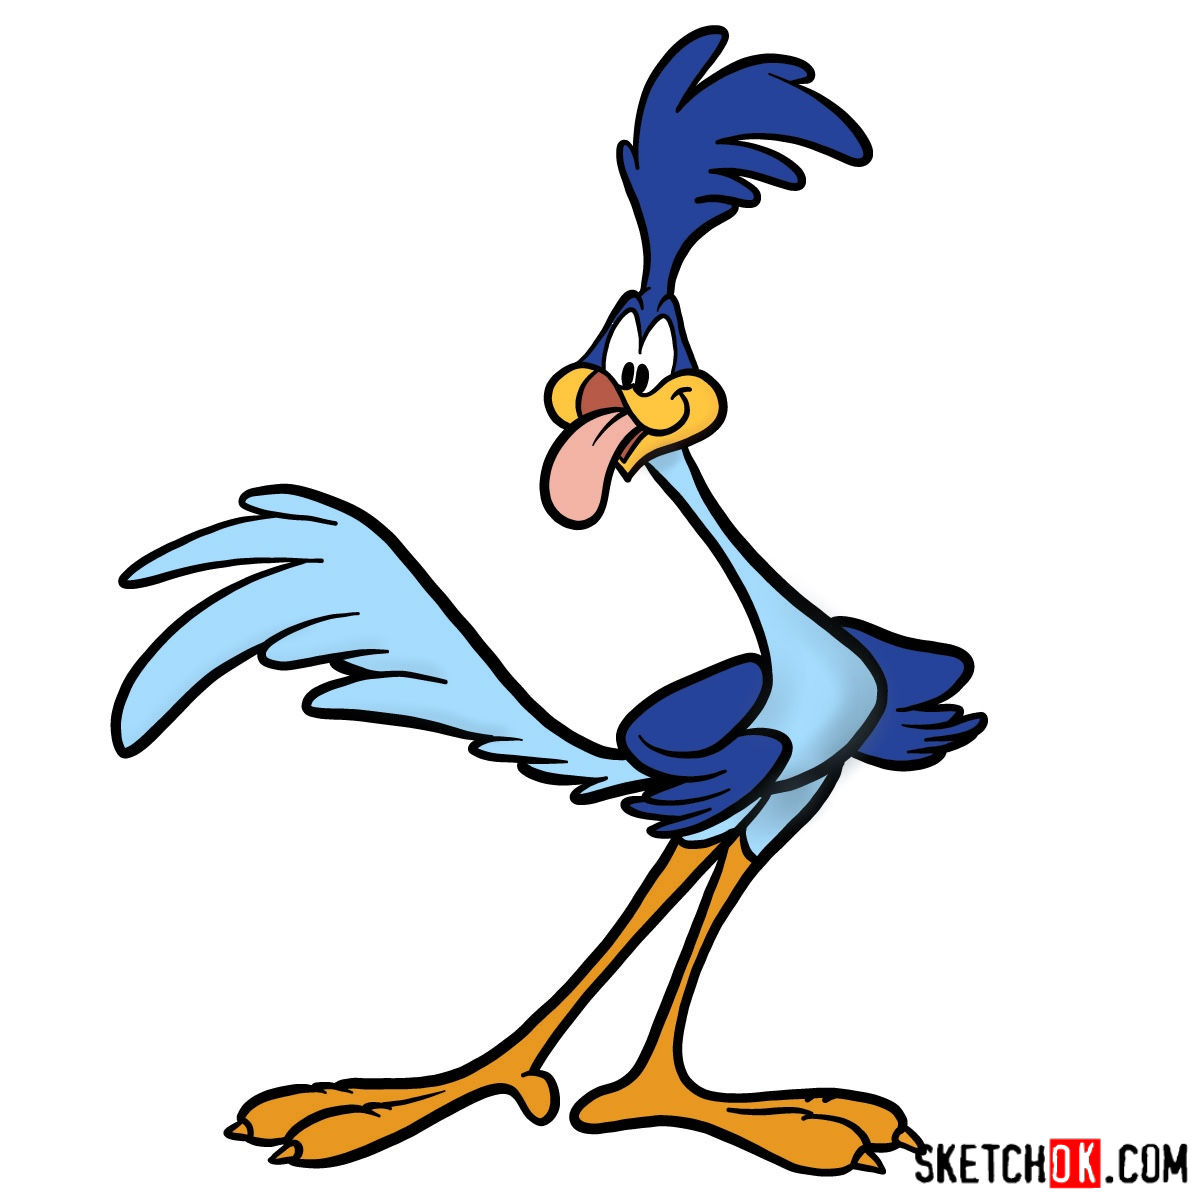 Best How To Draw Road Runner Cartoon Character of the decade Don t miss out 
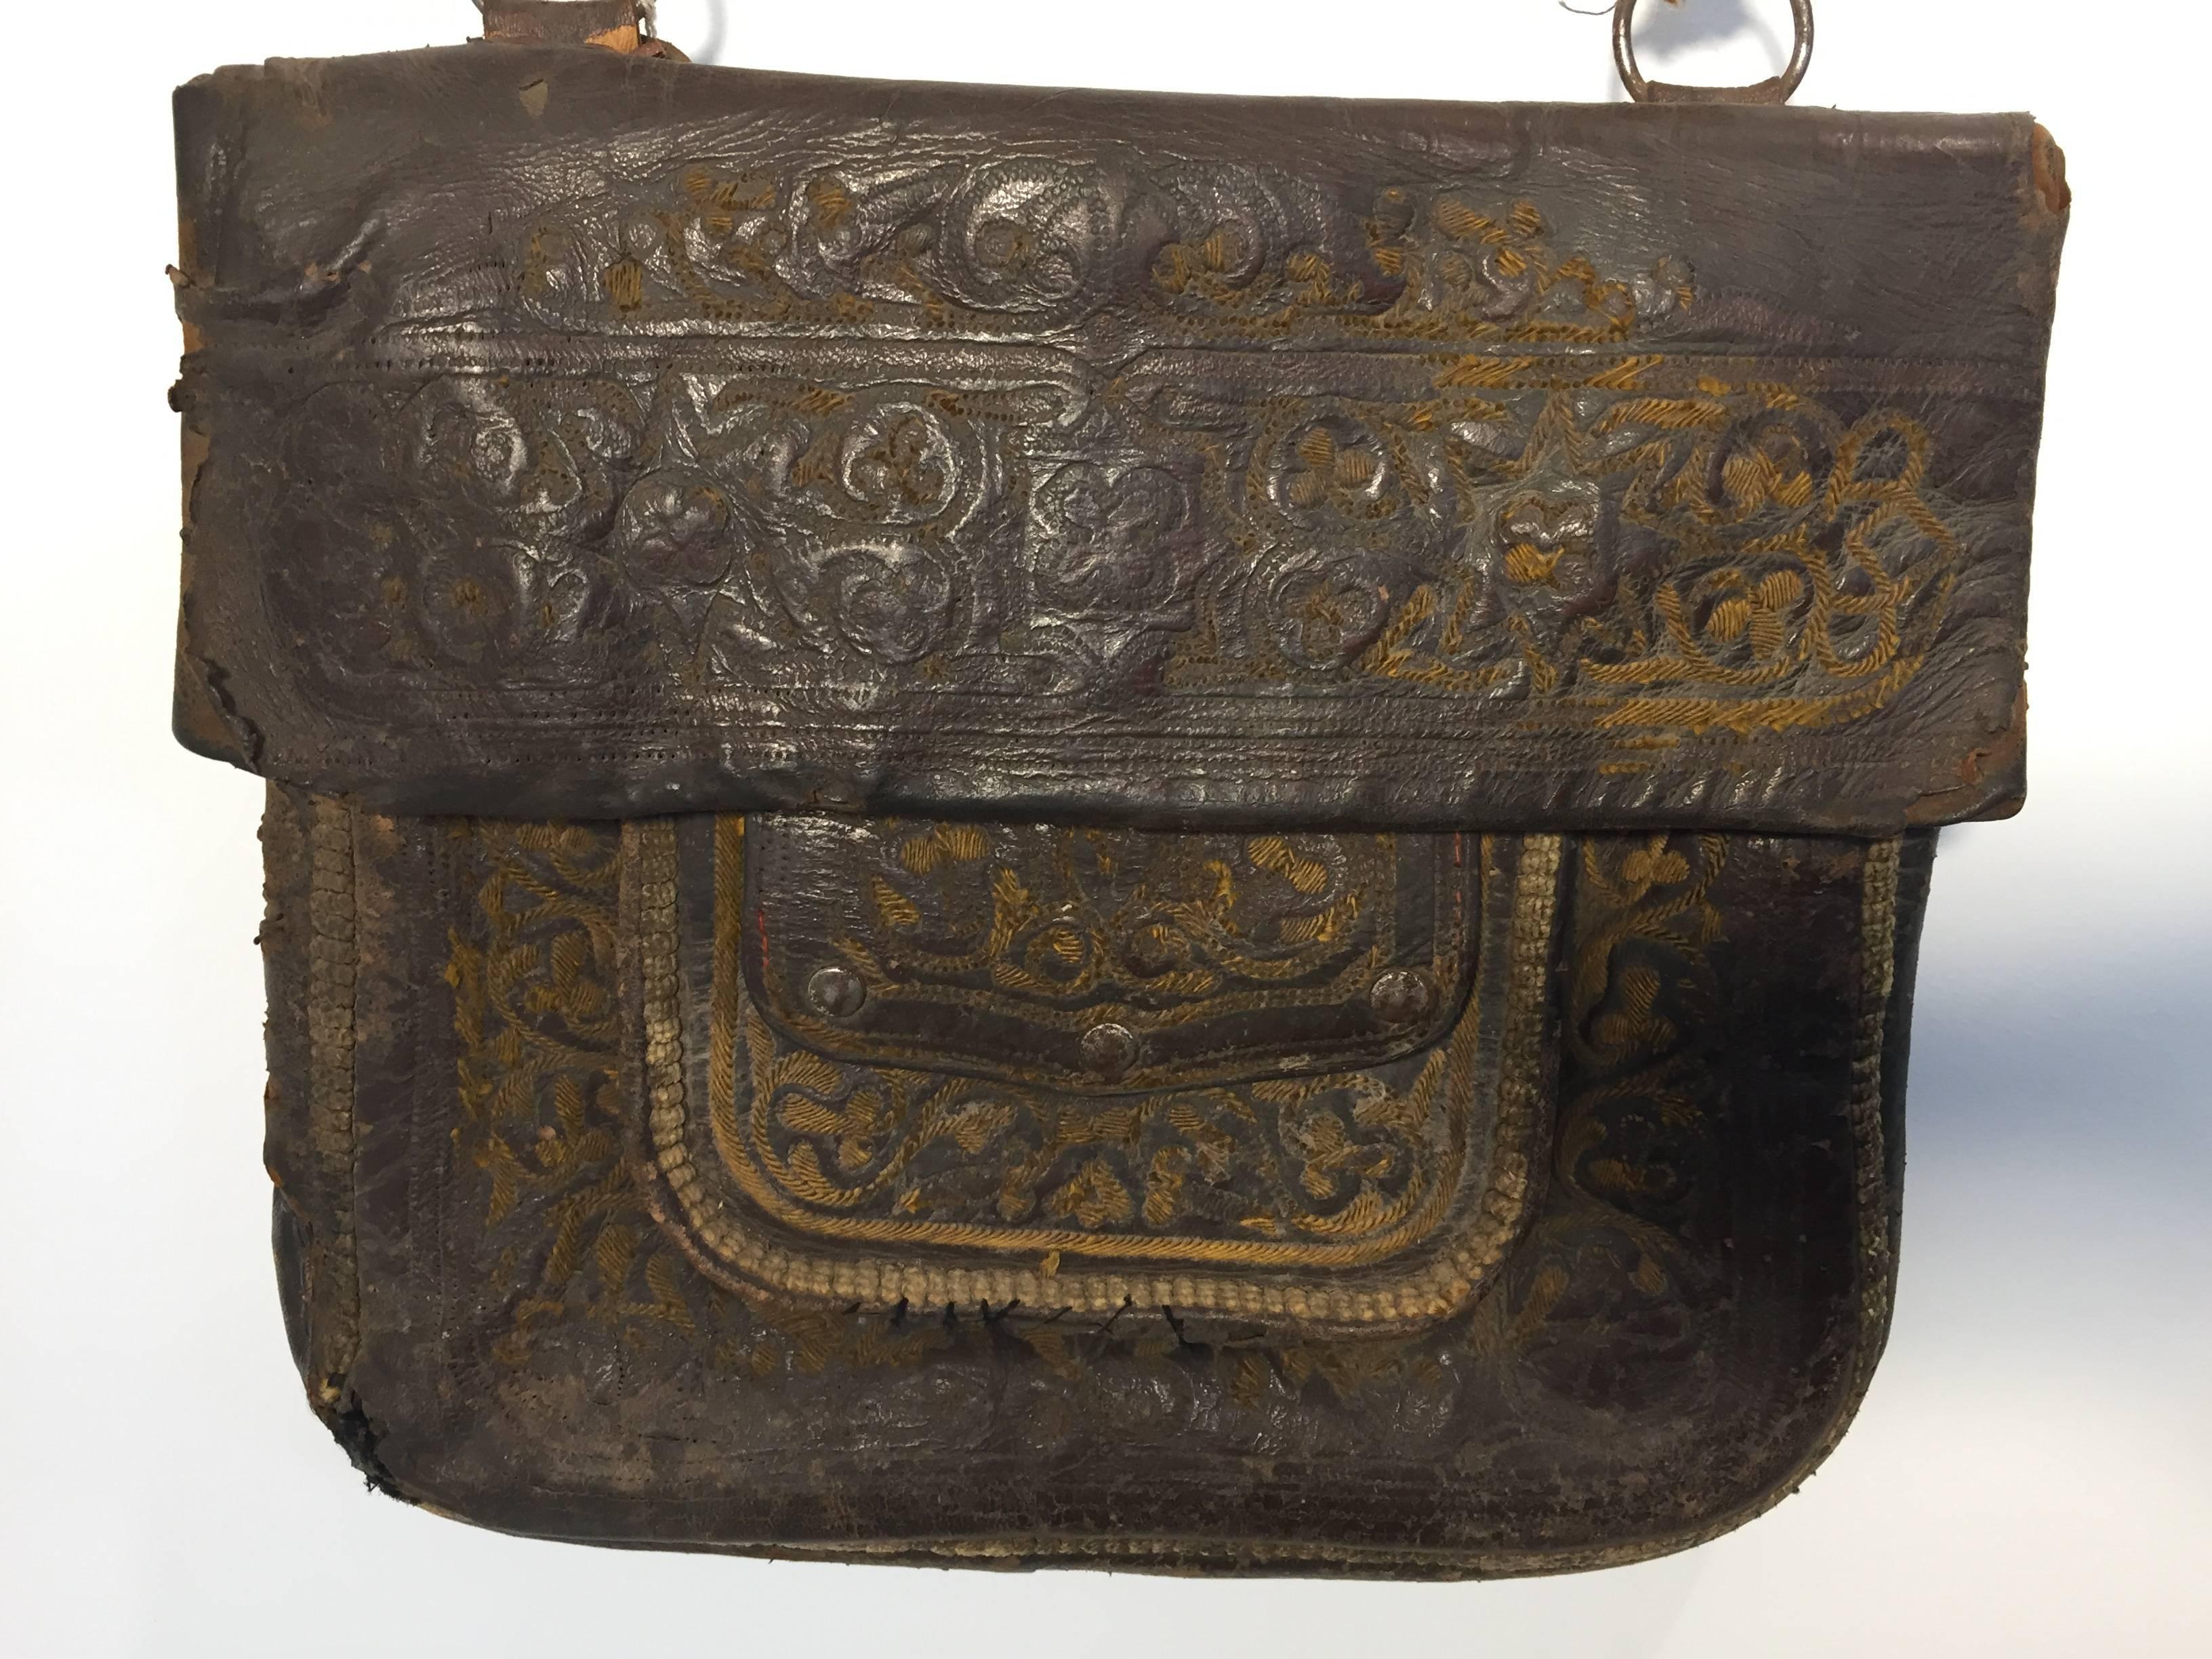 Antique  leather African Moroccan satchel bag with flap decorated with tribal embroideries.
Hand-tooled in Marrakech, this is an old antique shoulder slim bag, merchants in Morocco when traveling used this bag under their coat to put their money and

=== Work to complete ===
The required output consists only of the lines from the one containing "with tribal embroideries." to the last line of the material, reproduced exactly, pictures excluded.

=== Solved problem ===
 Antique  leather African Moroccan satchel bag with flap decorated with tribal embroideries.
Hand-tooled in Marrakech, this is an old antique shoulder slim bag, merchants in Morocco when traveling used this bag under their coat to put their money and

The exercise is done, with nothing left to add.